Самое бестолковое изложение этого обстоятельства для меня было вполне достаточно, чтобы понять всю горечь отчаяния рассказчика и всю невозможность какой бы то ни было для него надежды на чье бы то ни было заступление и помощь. Но в деле этом были еще осложнения, силу и значение которых мог настоящим образом понимать только человек, не совсем чуждый некоторым общественным комбинациям.
Интролигатор, всхлипывая и раздирая свой "лапсардак", {Лапсардак коротенькая кофта с установленным числом завязок и бахромочек. Талмудисты носят этот "жидовский мундир" под верхним платьем. (Прим. автора.)} сообщил мне, что он очень долго искал своего кравца по Белой Церкви. Путаясь из стодола в стодол с различными "мишурисами", которые умышленно давали ему фальшивые сведения и водили его из двора в двор, чтобы схватить "хабара" и проволочь время, он истратил на это бесполезно почти целый день, который у беглеца не пропал даром. Когда интролигатор, после долгой суеты и бегства по Белой Церкви и потом по Киеву, напал на заметенный лисьим хвостом волчий след своего беглеца, тот уже спокойно сидел за лаврской стеною и готовился к принятию святого крещения.
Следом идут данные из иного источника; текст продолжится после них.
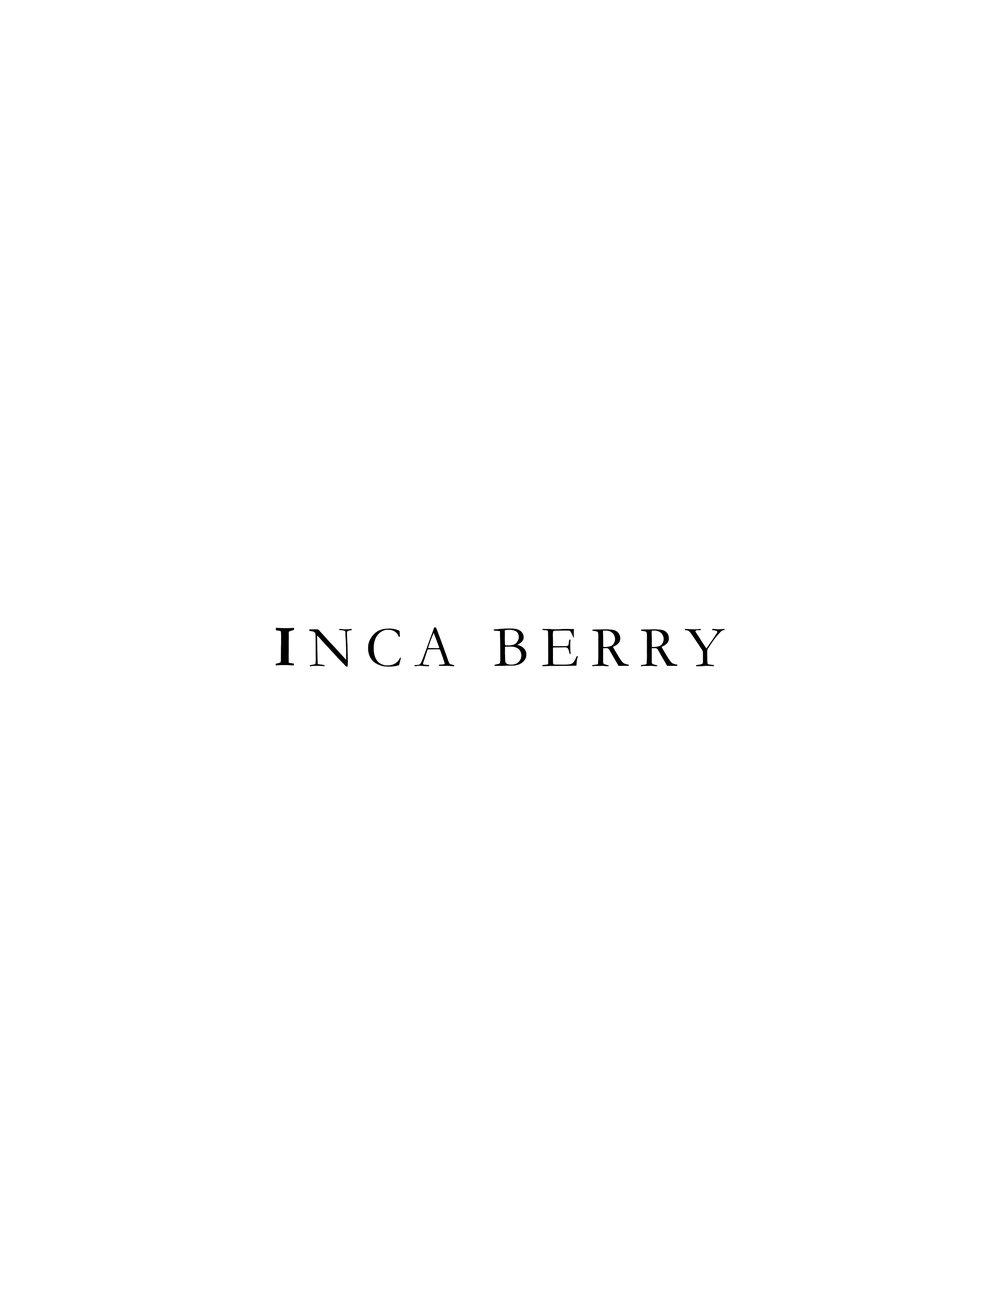 Inca Berry Text.jpg

Ясно было, что этот плут задумал разорить своего контрагента посредством профанации христианской купели, но как можно было обличить и доказать его неискренность и преступное кощунство? Кто за это возьмется, когда закон на стороне этого "оглашенного" и на его же стороне были силы, которые мнились тогда еще сильнее закона. Хитрый жид, проживая год тому назад у киевского Борта, усвоил себе некоторые сведения как о слабостях, так и о силе и значении некоторых лиц, важных не столько по их собственному официальному положению, сколько по их влиянию на лиц важного официального положения. Таким лицом тогда по преимуществу была супруга покойного генерал-губернатора князя Иллариона Илларионовича Васильчикова, княгиня Екатерина Алексеевна (рожденная княжна Щербатова), о которой я уже упоминал выше. Она тогда была в каком-то удивительно напряженном христианском настроении, которое было преисполнено благих намерений, но всем этим намерениям, как большинству всех благих намерений великосветских патронесс, к сожалению, совсем недоставало одного: серьезности и практичности, без коих все эти намерения часто приносят более вреда, чем пользы... Это что-то роковое, вроде иронии судеб.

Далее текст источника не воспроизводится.